Re: JSON Schema (json-schema.org) support? from David I. Lehn on 2013-08-15 (public-linked-json@w3.org from August 2013)

From: David I. Lehn <dil@lehn.org>
Date: Thu, 15 Aug 2013 16:24:43 -0400
To: Edwin Shao <eshao@eshao.es>
Cc: Linked JSON <public-linked-json@w3.org>
Message-ID: <CADcbRRN2y-Gx27HN2sav3va6_53UDYo4CK0i5QmXdQJ7iPZ84w@mail.gmail.com>

On Thu, Aug 15, 2013 at 6:54 AM, Edwin Shao <eshao@eshao.es> wrote:
> It strikes me that JSON-LD and JSON Schema are quite complementary. The
> first provides context, metadata, and a standard graph traversal mechanism.
> The second provides a way to describe and validate a given JSON object.
>

Although they may seem to work well together at first, there are some
considerable limitations in using JSON Schema as a long term solution
for JSON-LD description and validation.  Despite this, our PaySwarm
server code currently uses JSON Schema for validation so I'm familiar
with the idea and how it can work with some limitations.

The main issue is that JSON Schema describes and validates JSON with a
known structure.  But JSON-LD is a flexible serialization of graph
data.  In the general sense, this makes the two somewhat incompatible.
 There are many ways to serialize JSON-LD data which are all
equivalent at a low level.  But (any sane use of) JSON Schema only
works if the data is serialized with a certain structure.  In order to
properly validate arbitrary JSON-LD data with JSON Schema, you first
need to make a pass with something like the framing algorithm that is
a work-in-progress spec.  That would give you a structure that you
could then validate.  I'm not sure the framing algorithm or code was
optimized for this sort of use but maybe could be.

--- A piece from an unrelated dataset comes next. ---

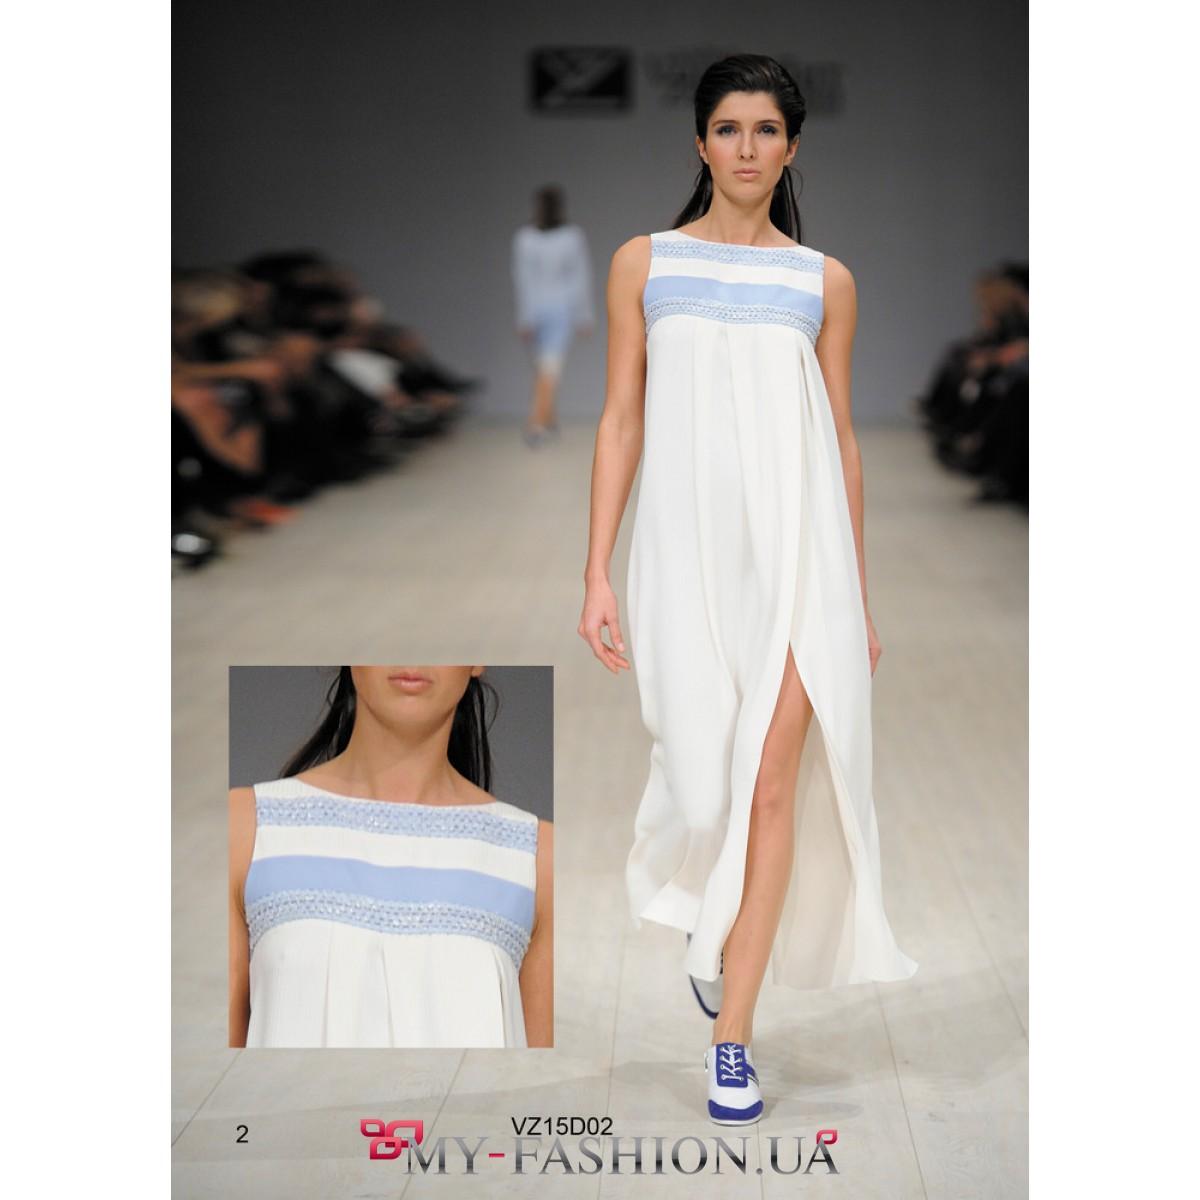 Шелковое платье белое купить

If you are, say, getting JSON-LD data via a web service POST call, you
could document that the JSON-LD data MUST be formatted in a certain
way and MUST use a certain context in order to be valid.  That is a
rather unfortunate limitation given how powerful this technology could
be.  For what it's worth, PaySwarm basically works like that
currently.

A better solution would be to leverage some of the RDF and OWL schema
work.  The first step would be to create a proper schema for your
semantic data using RDF, OWL, or similar.  Then a hypothetical web
service could take input as JSON-LD (in any structural form), n-quads,
n3, turtle, rdfa, etc, convert it to a low-level normalized form (such
as triples), and then run a validator on that data with the semantic
schema.  This is an interesting approach to take since you are now
validating the semantic data without concern for its format or
presented structure.  Once validated, you can run the JSON-LD framing
algorithm on the data to get it into a known structure that is easy to
internally process.

> ...
> If there is no canonical way currently (which seems to be the case), I would
> suggest including one in the upcoming spec, perhaps creating a new @schema
> keyword.
>

A keyword seems like overkill for this. As Markus said, there may be
other better mechanisms.  At one point we were discussing extension
methods.  Did that get forgotten?  Something like a @context: {@meta:
{...}} object that you could throw custom key/value pairs into for
custom processing.  That sort of thing would let you add
{"http://json-schema.org/schema": "http://exampe.com/foo.json"} as
metadata for processors that want to support it.  I suppose that could
just be in the raw data too but might be crufty.

-dave

Received on Thursday, 15 August 2013 20:25:11 UTC